From Spreadsheets to Streamlined: A Chef's Guide to Going Digital
Every personal chef we've worked with started the same way: a Google Sheet for menus, a notes app for client preferences, and a prayer that nothing falls through the cracks.
There's no shame in it. When you're building a business from scratch, you use what's available. But at some point, the duct tape stops holding.
Signs you've outgrown spreadsheets
Here are a few signals that your current setup is costing you more than it's saving:
- You spend Sunday evenings copying menu items between documents
- You've accidentally sent the wrong menu to a client
- You've lost track of who paid and who didn't
- A client asked for their allergy info and you had to dig through old texts
- You can't tell which clients are most profitable without doing math by hand
If any of these sound familiar, you're ready for a real system. (Here's how other chefs manage 10+ clients without losing their minds.)
What "going digital" actually means
Going digital doesn't mean buying expensive enterprise software or learning to code. It means having one place where everything lives:
Menus — Build your weekly menu once. Clients see it on their portal with prices, dietary tags, and descriptions.
Orders — Clients select meals and confirm online. No more back-and-forth text messages.
Billing — Automatic invoices, multiple payment methods, and a clear record of who paid what.

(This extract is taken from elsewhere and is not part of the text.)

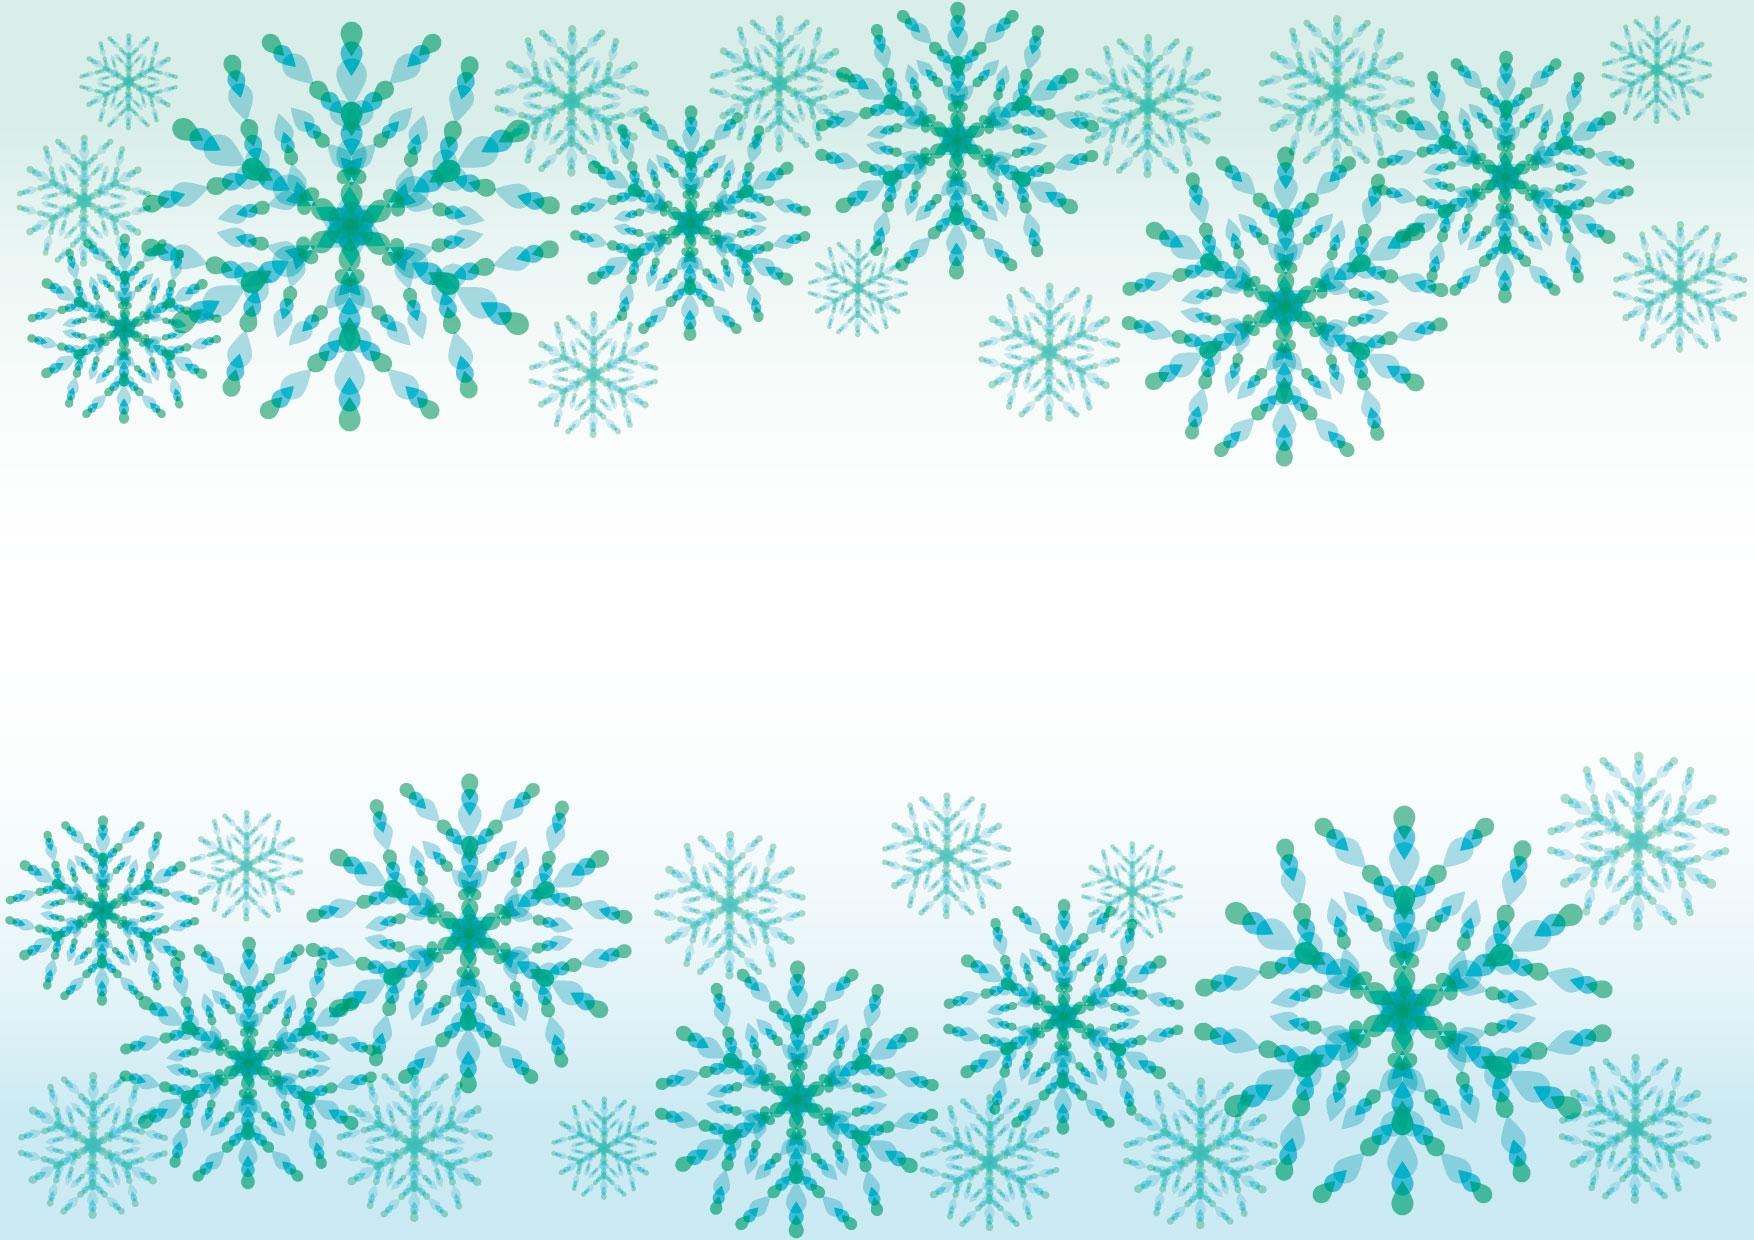 可愛いイラスト無料 雪の結晶 青 背景 Free Illustration

Client profiles — Allergies, preferences, delivery instructions, and order history all in one place.
Prep lists — Ingredient totals, delivery manifests, and prep instructions generated automatically from confirmed orders.
The personal touch doesn't go away
The biggest fear we hear from chefs is: "I don't want to lose the personal relationship with my clients."
Here's the thing — a platform doesn't replace the personal touch. It frees you up to focus on it. When you're not buried in admin work, you have more time for the things that actually matter: tasting new recipes, checking in with clients, and cooking great food.
Start small
You don't have to digitize everything overnight. Start with the thing that causes you the most pain — usually billing or order management — and build from there.
The goal isn't perfection on day one. The goal is a system that grows with you.